When I first started building spiders, I'd test them by running them over and over. Each time I tweaked a selector, I'd run the spider again. Hit the website again. Download the same pages again.
After my 50th run in one day, I realized something: I was being a terrible internet citizen. I was hammering some poor website with hundreds of requests just because I couldn't write a CSS selector properly.
Then I discovered Scrapy's HTTP cache. Game changer. Now when I test my spiders, they fetch pages once and reuse the cached responses. Faster testing. No guilt. No getting blocked.
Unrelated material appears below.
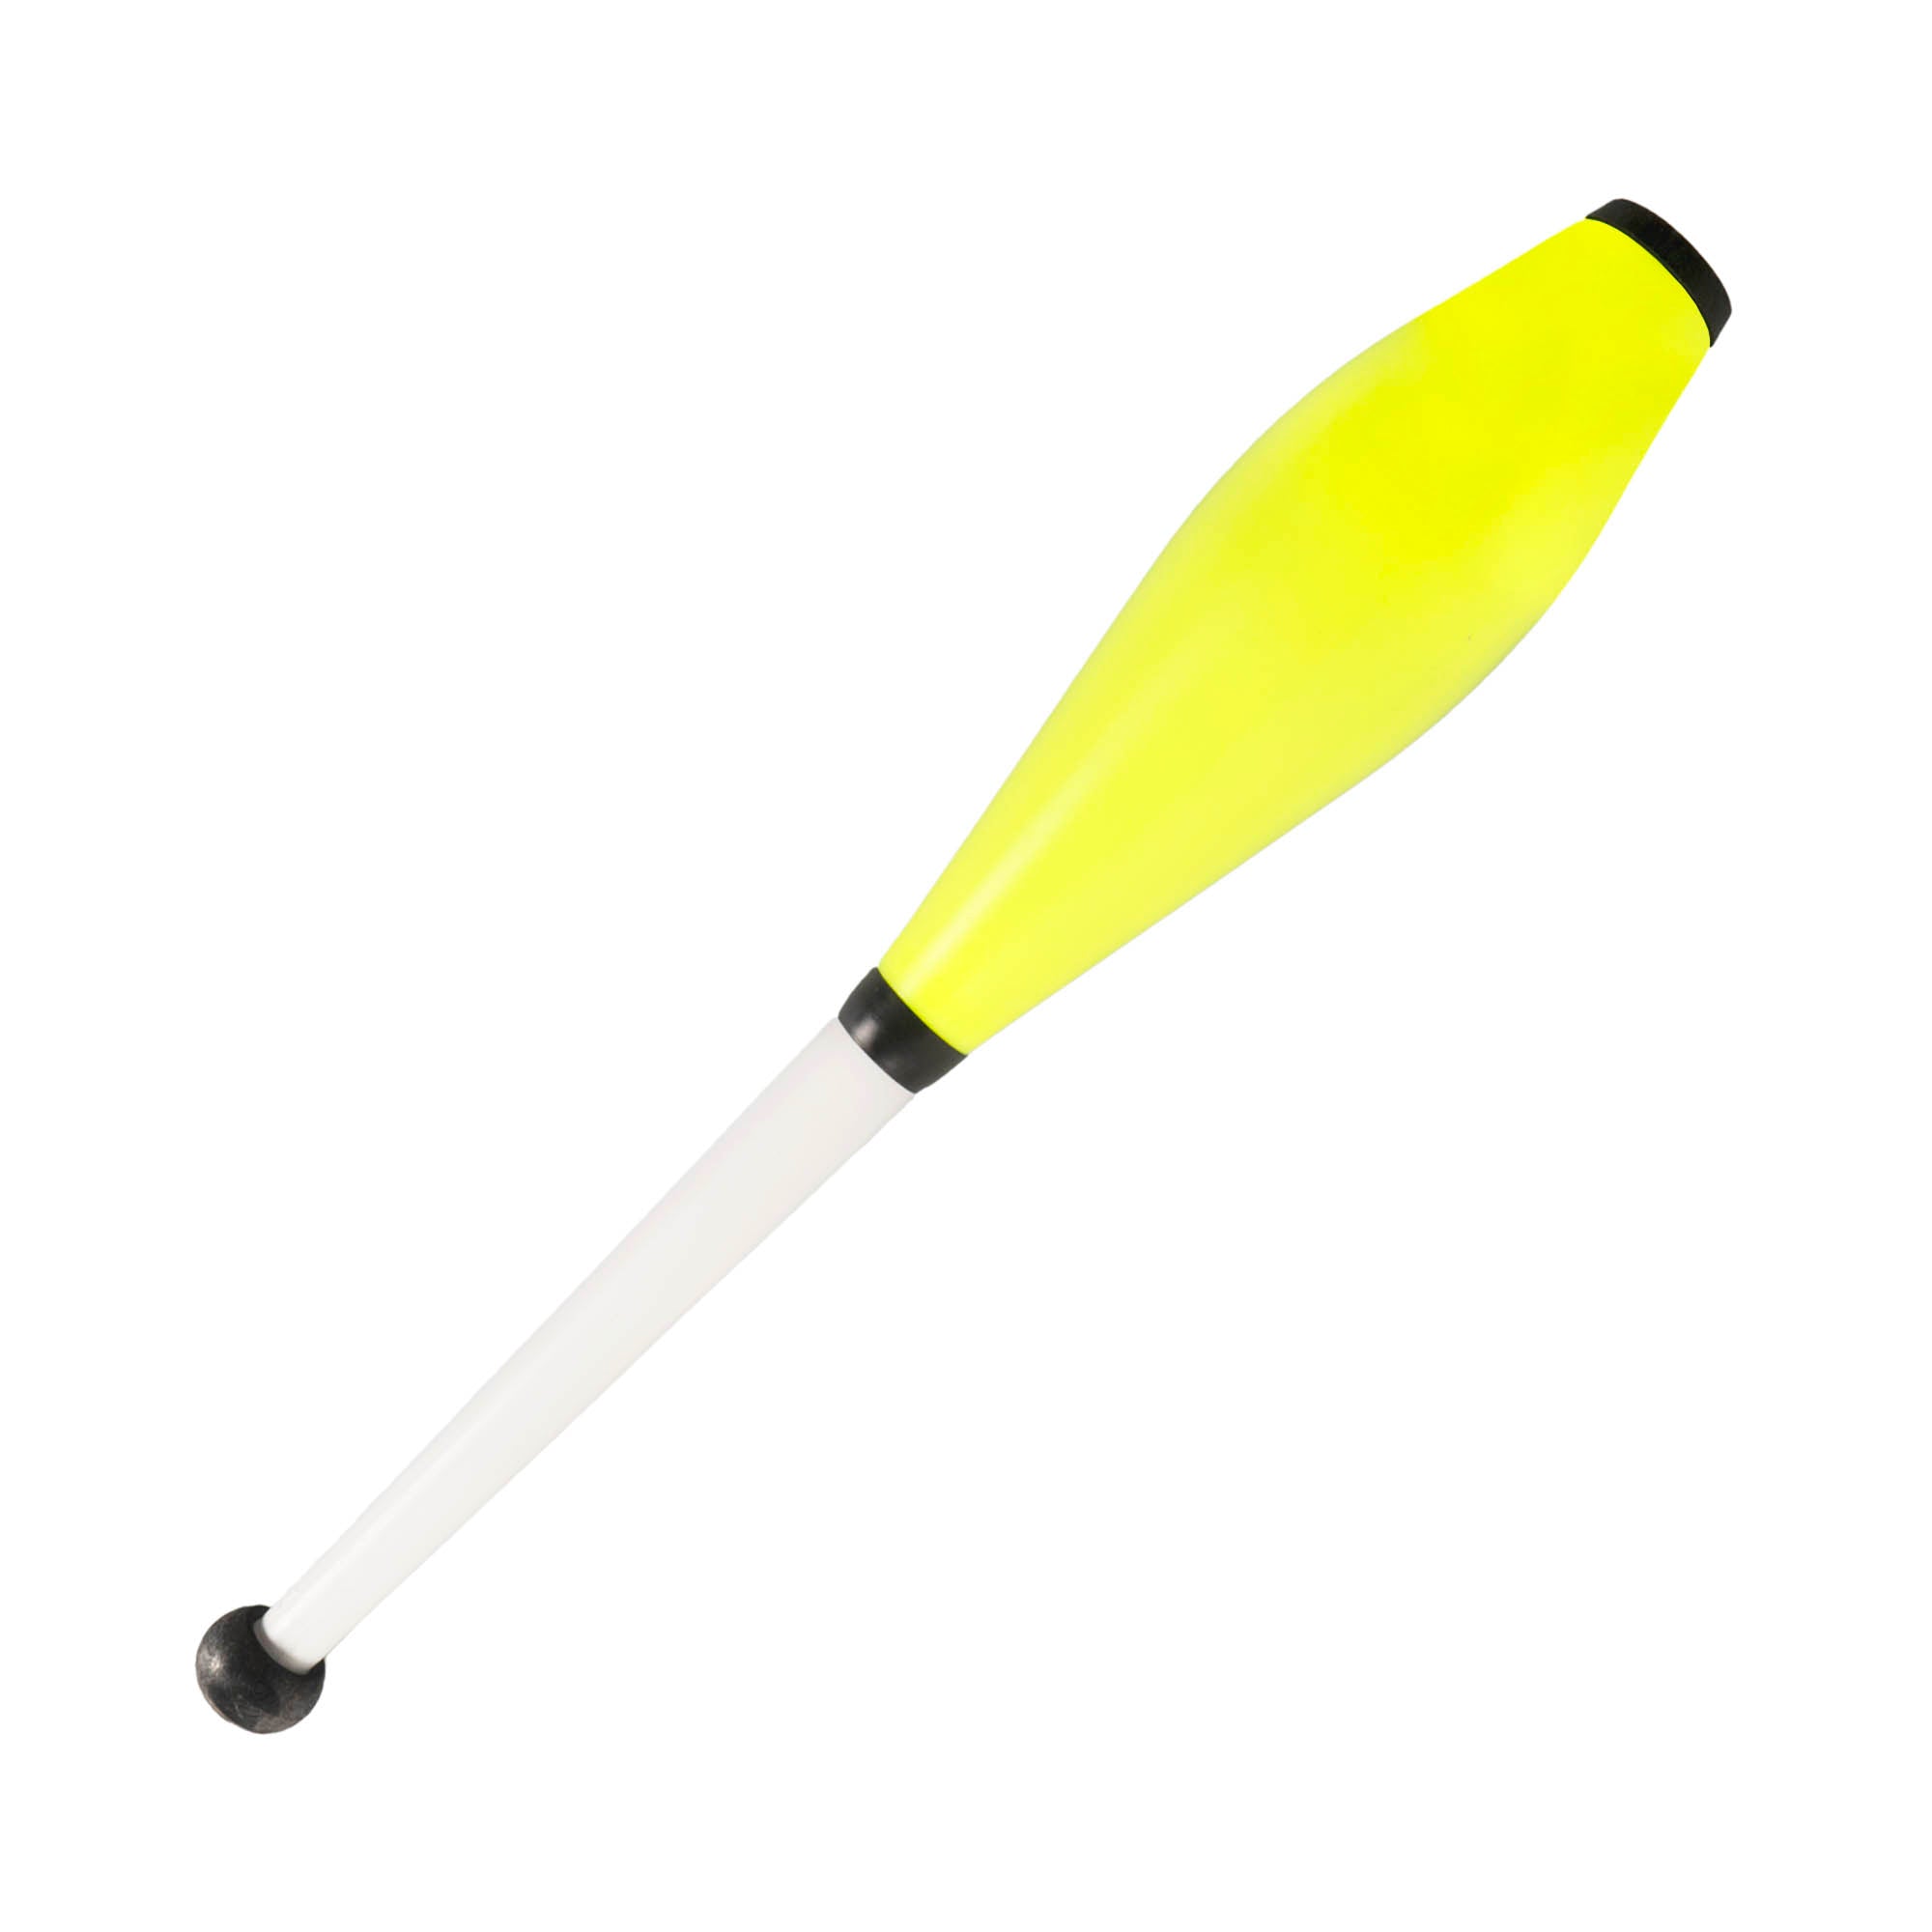 Play PX3 - bright yellow

Let me show you how to use caching properly.
What Is HTTP Cache?
Think of HTTP cache like a photocopy machine for webpages.
Without cache:
- Run spider → Downloads page
- Fix selector → Run again → Downloads same page again
- Fix another thing → Run again → Downloads same page AGAIN
You're downloading the exact same page multiple times. Wasteful. Slow. Annoying to the website.
With cache:
- Run spider → Downloads page → Saves a copy
- Fix selector → Run again → Uses saved copy (no download!)
- Fix another thing → Run again → Still using saved copy
You download once, test infinite times. The website only sees one request.
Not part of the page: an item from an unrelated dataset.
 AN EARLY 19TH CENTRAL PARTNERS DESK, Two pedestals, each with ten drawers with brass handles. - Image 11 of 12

Enabling Cache (The One-Liner)
Add this to your settings.py:
HTTPCACHE_ENABLED = True
That's it. Seriously. Scrapy now caches everything.
Run your spider:
scrapy crawl myspider
The first run downloads pages normally. Check your project folder, you'll see a new .scrapy/httpcache/myspider/ directory. That's where cached pages live.
Run it again:
scrapy crawl myspider
This time? Lightning fast. No actual HTTP requests. Everything comes from cache.
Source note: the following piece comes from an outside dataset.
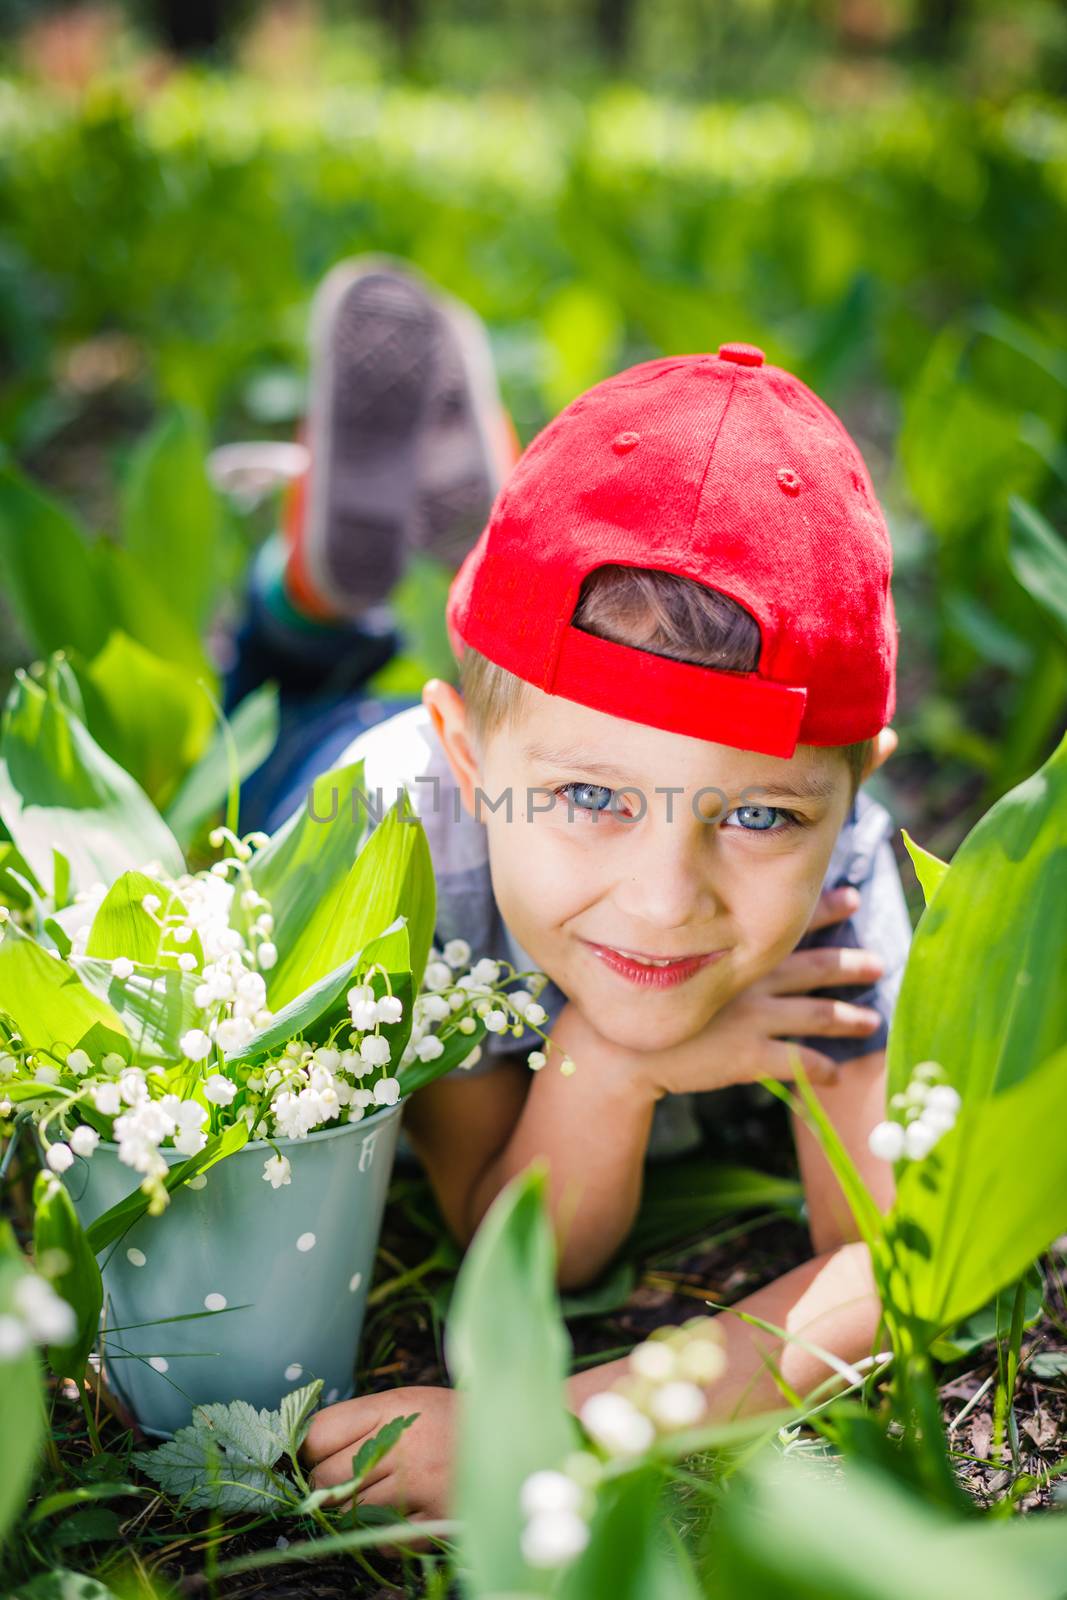 Spring in the forest. A cute boy with lilies of the valley

How Cache Works (The Simple Explanation)
When you enable cache, here's what happens:
- First request: Spider asks for a URL
- Cache checks: "Do I have this page already?"
- Cache miss: Nope, don't have it
- Download: Fetch from website
- Store: Save response to cache
- Return: Give response to spider
Next time you request the same URL:
- Request: Spider asks for same URL
- Cache checks: "Do I have this page?"
- Cache hit: Yes! Found it
- Return: Give cached response (no download!)
Simple. Fast. Efficient.
Basic Cache Settings
How Long to Keep Cache
By default, cache never expires. Keep it forever. But you can set an expiration:
# settings.py
HTTPCACHE_ENABLED = True
HTTPCACHE_EXPIRATION_SECS = 86400 # 24 hours in seconds
After 24 hours, cached pages get re-downloaded.
When to use expiration:
- Scraping news sites (content changes daily)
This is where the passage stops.